● TASK DIRECTIONS
Apart from the images, the entire listing below must be restated word for word.

SOURCE DATA START

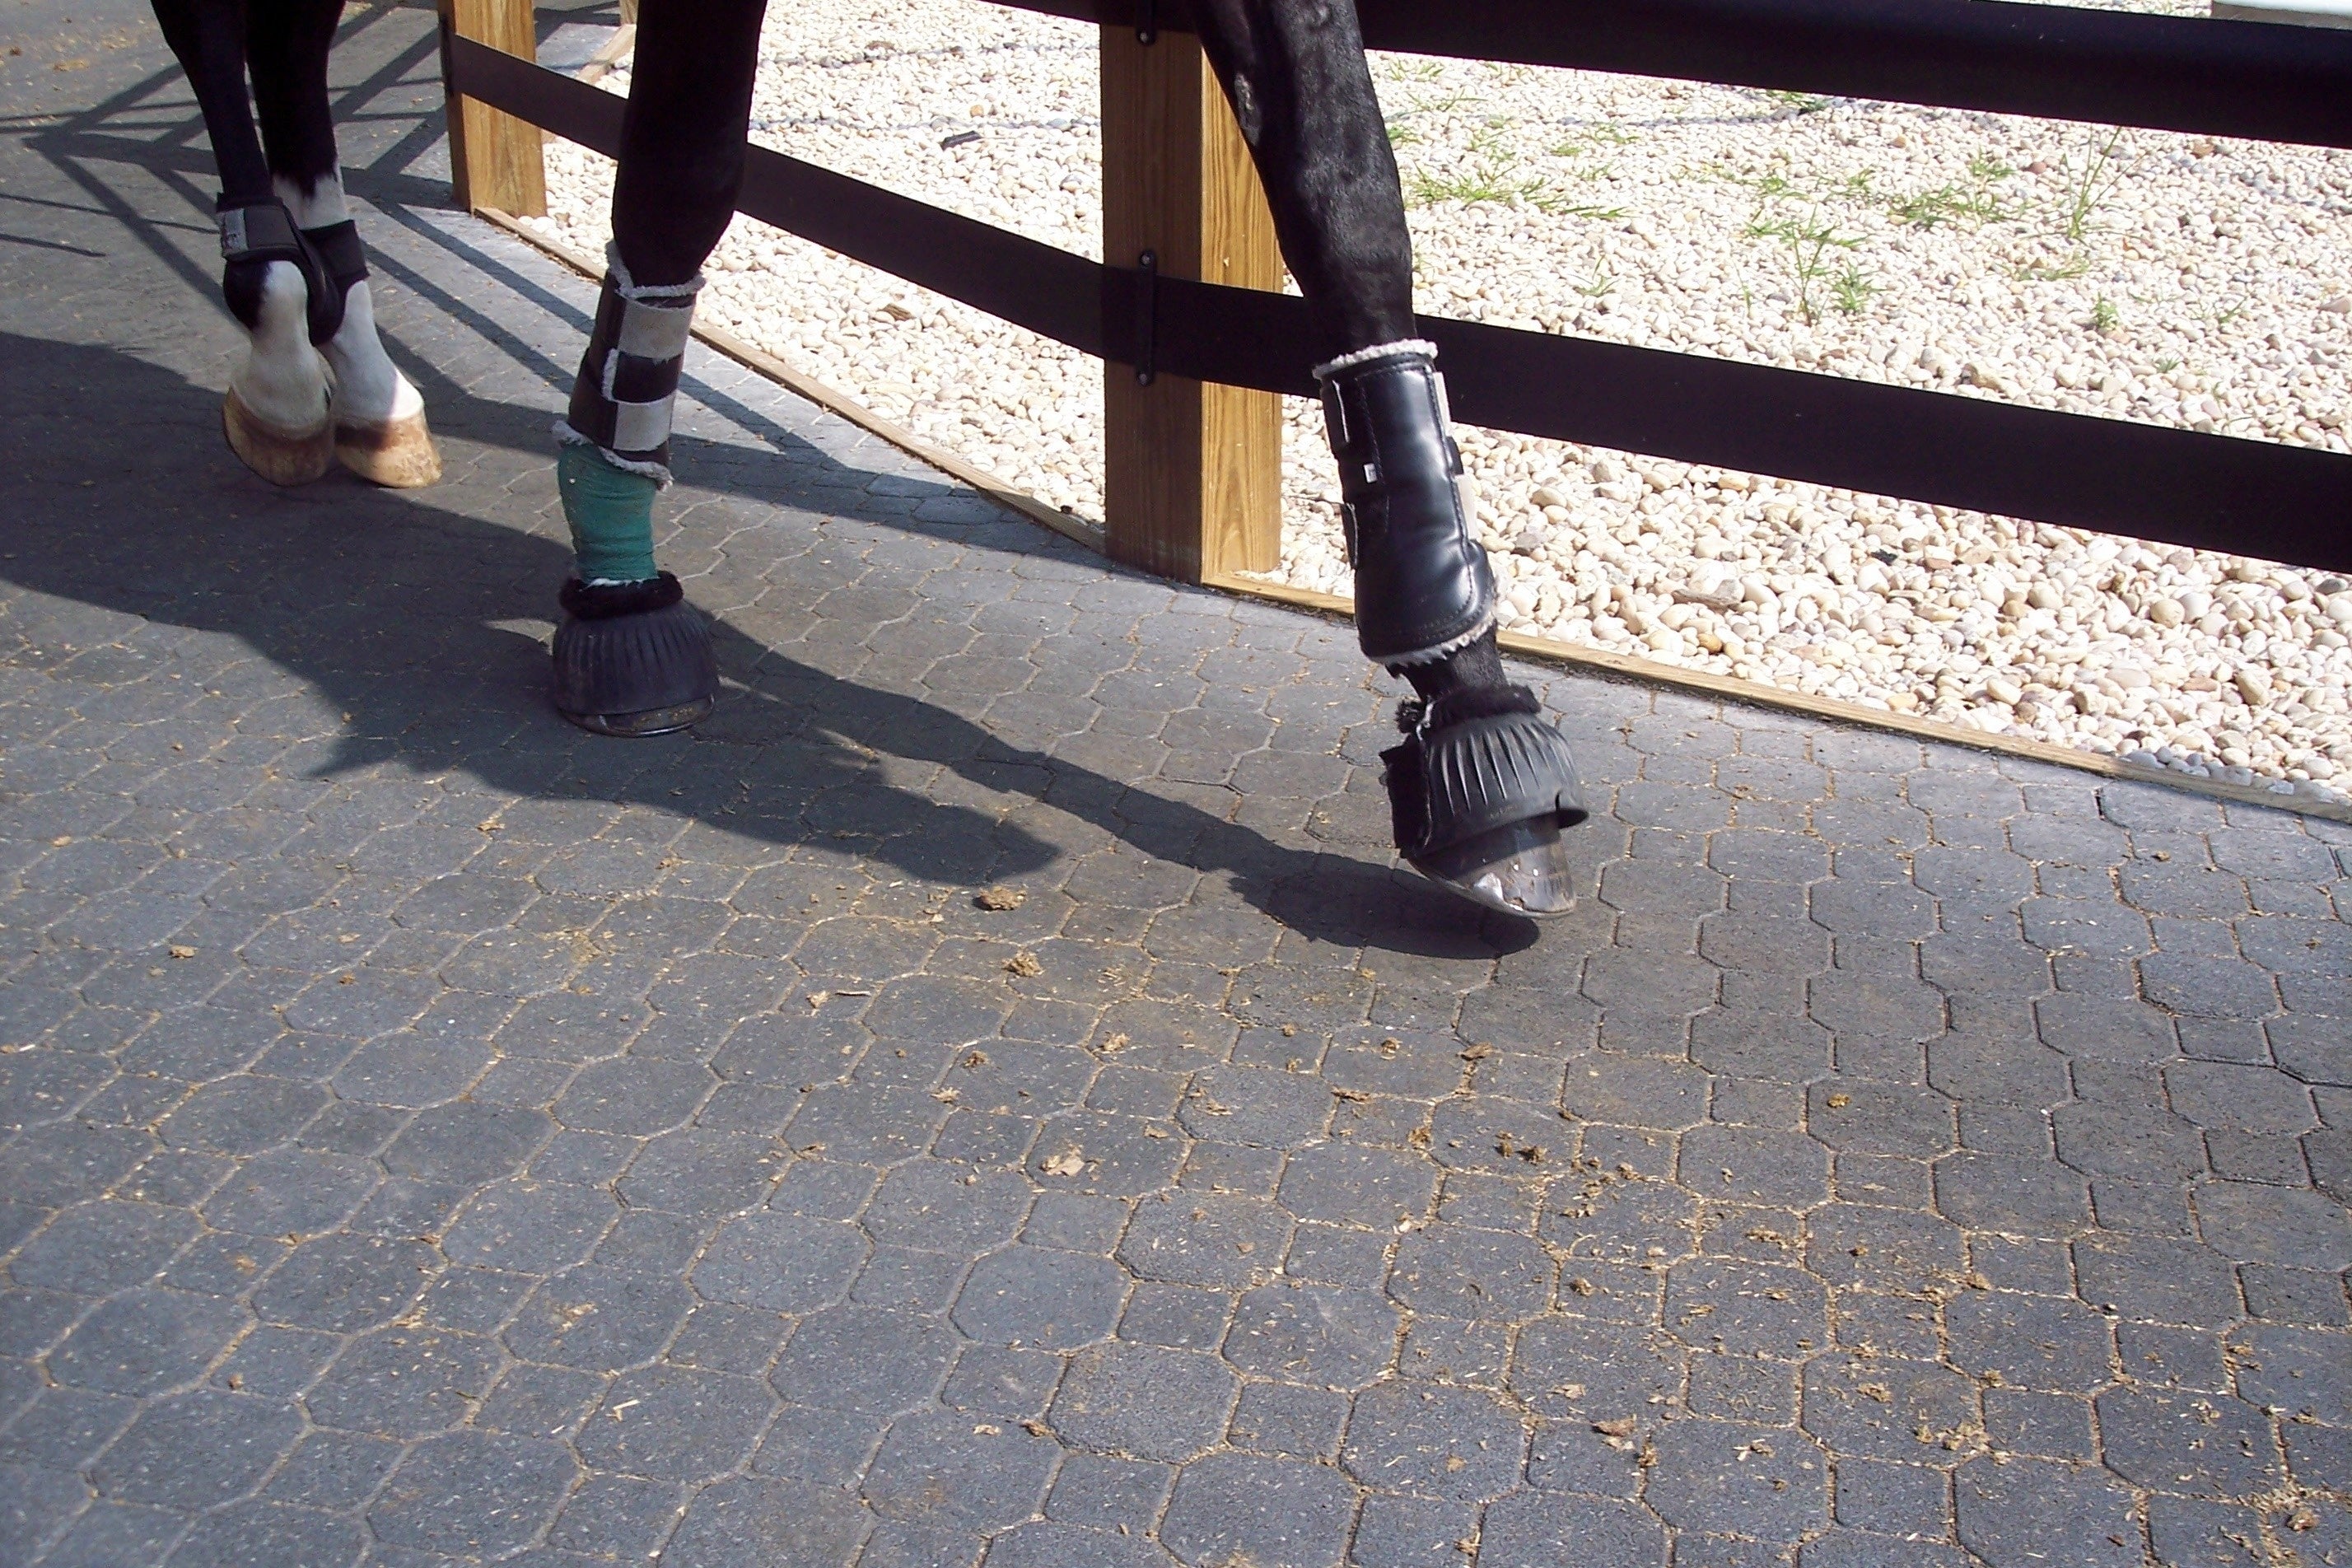 Horse walking on rubber interlock flooring outdoors, an ideal flooring solution for horses
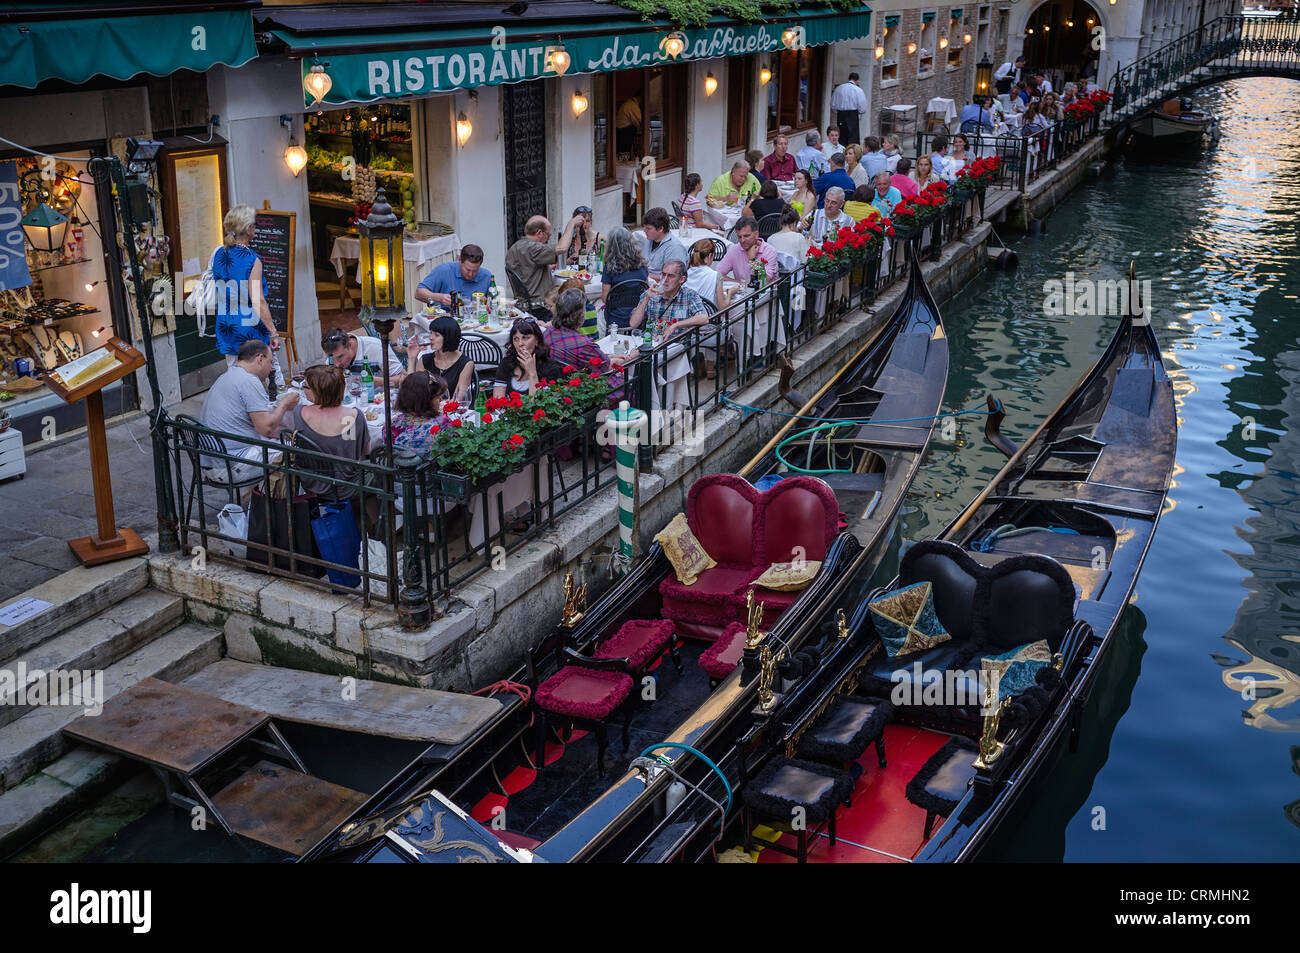 Gondolas moored alongside the Ristorante Da Raffaele in Venice Stock Photo
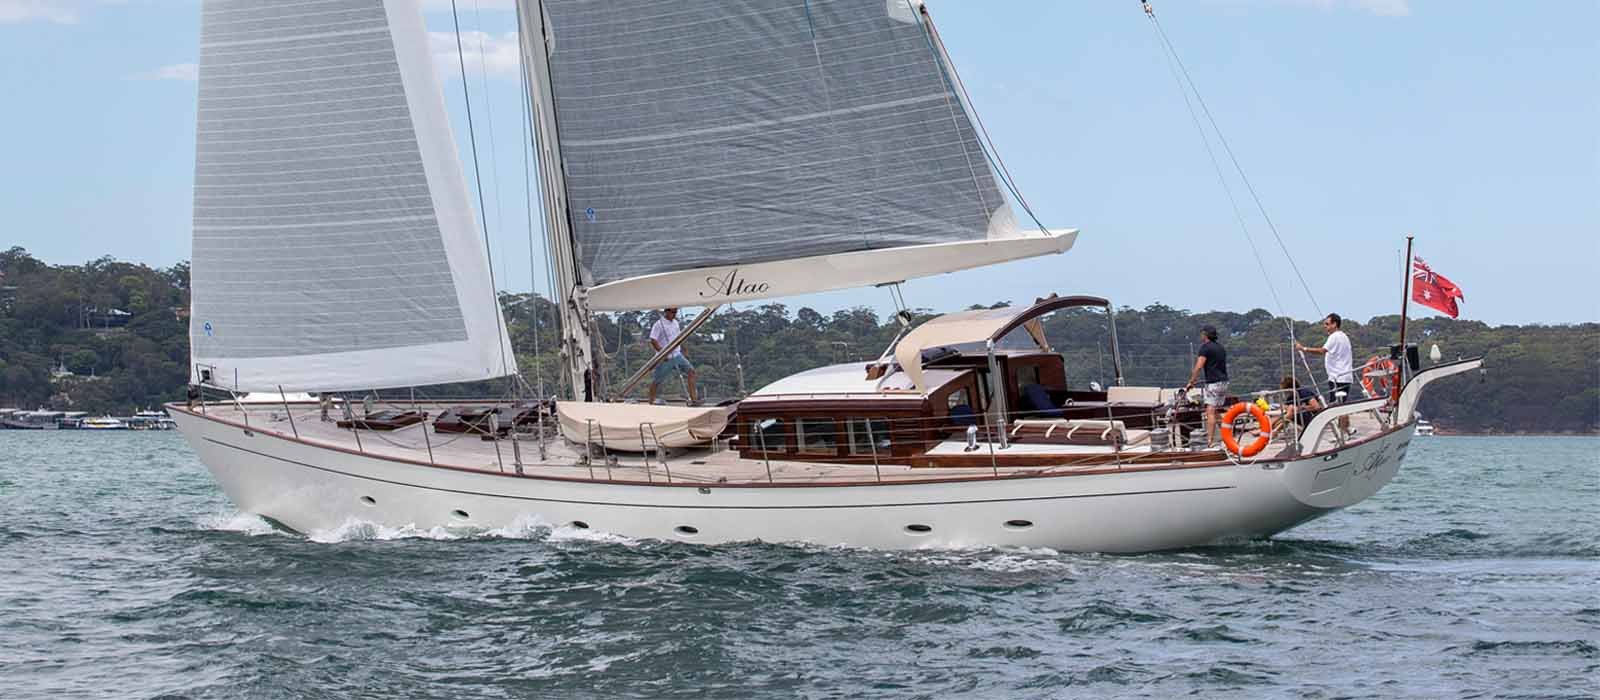 Atao Luxury Boat Hire cruising Sydney Harbour
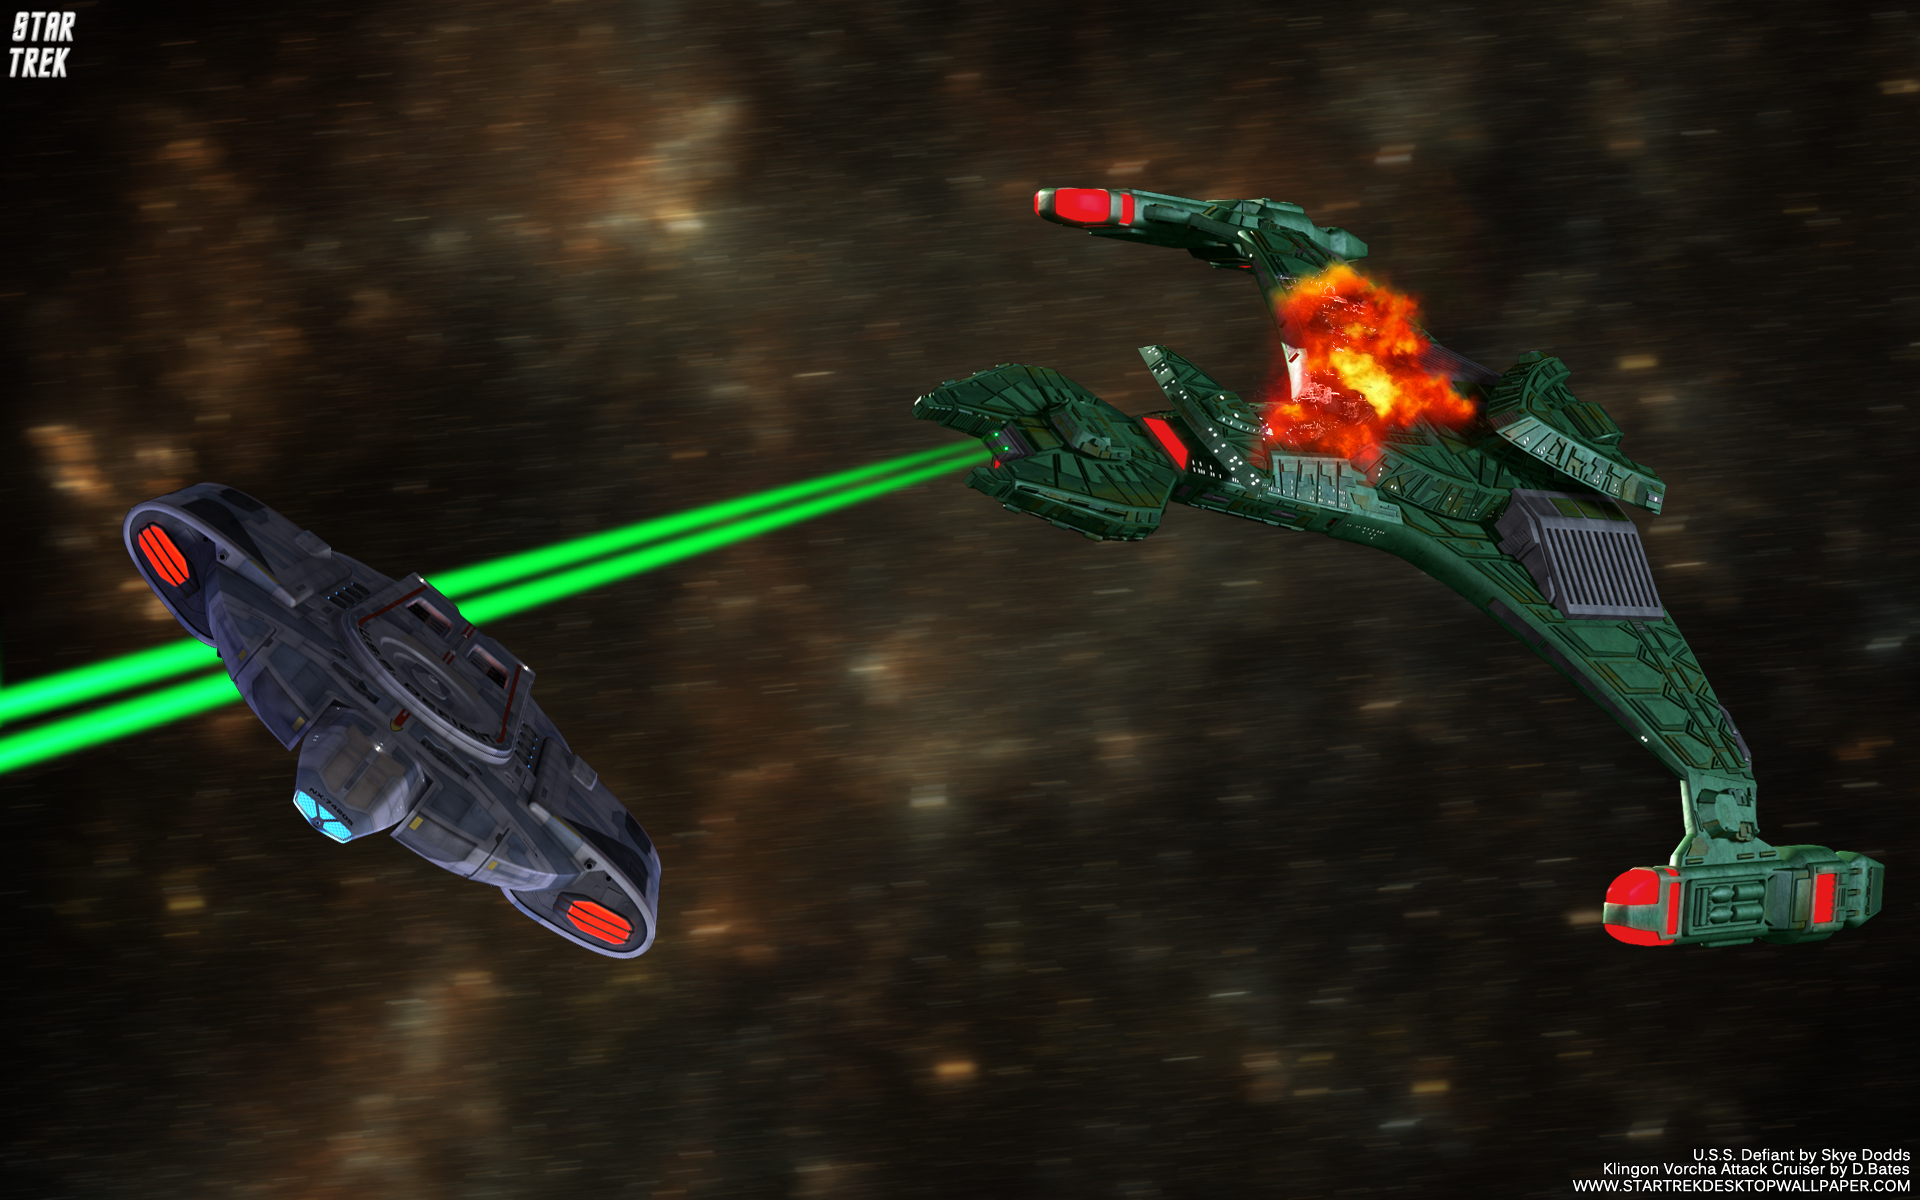 Star Trek Klingon Vor Cha Attack Cruiser Chasing Uss Defiant

SOURCE DATA END

● WRITTEN RESPONSE
 Horse walking on rubber interlock flooring outdoors, an ideal flooring solution for horses
 Gondolas moored alongside the Ristorante Da Raffaele in Venice Stock Photo
 Atao Luxury Boat Hire cruising Sydney Harbour
 Star Trek Klingon Vor Cha Attack Cruiser Chasing Uss Defiant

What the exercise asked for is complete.